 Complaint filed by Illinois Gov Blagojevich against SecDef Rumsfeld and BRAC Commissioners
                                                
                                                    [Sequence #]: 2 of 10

━━━━━━━━━━━━━━━━━━━━

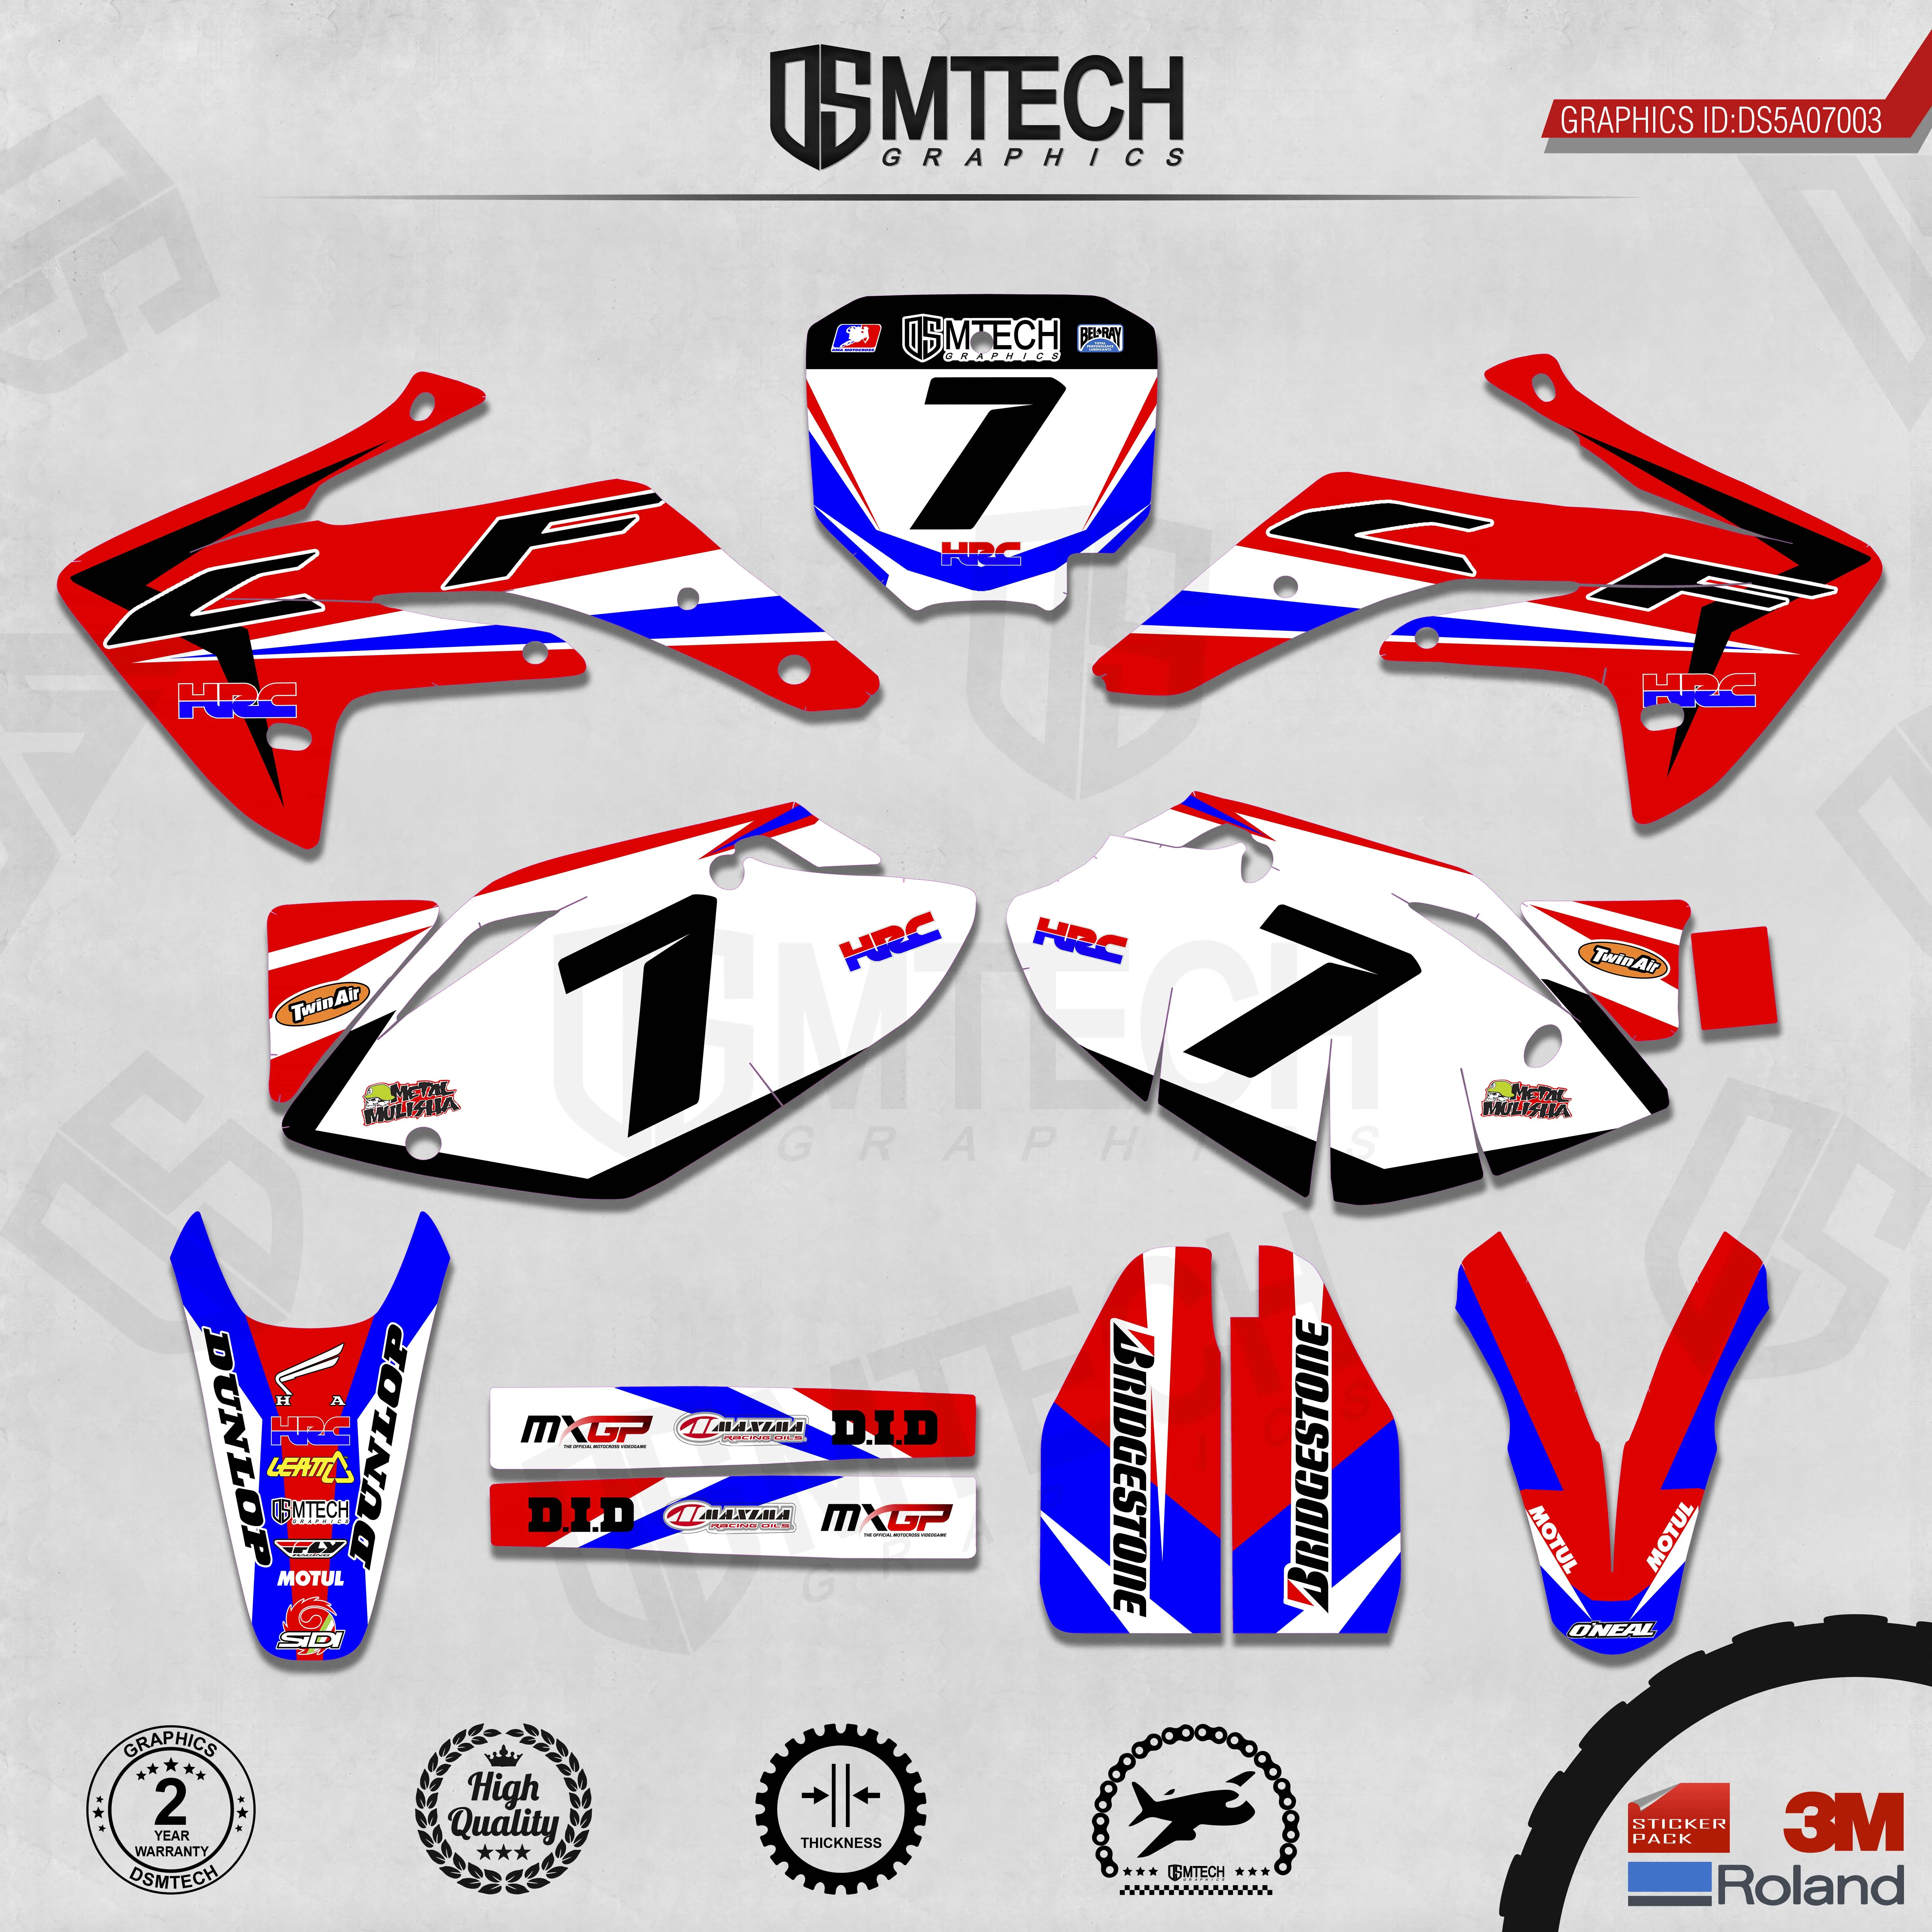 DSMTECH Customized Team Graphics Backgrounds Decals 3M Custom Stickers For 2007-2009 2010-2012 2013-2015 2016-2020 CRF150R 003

━━━━━━━━━━━━━━━━━━━━

• [To do]:
Every line above from the line with "Complaint filed by" to the line with "[Sequence #]: 2", inclusive, must be returned exactly; no other line belongs in the reply.

• [Answer section]:
 Complaint filed by Illinois Gov Blagojevich against SecDef Rumsfeld and BRAC Commissioners
                                                
                                                    [Sequence #]: 2 of 10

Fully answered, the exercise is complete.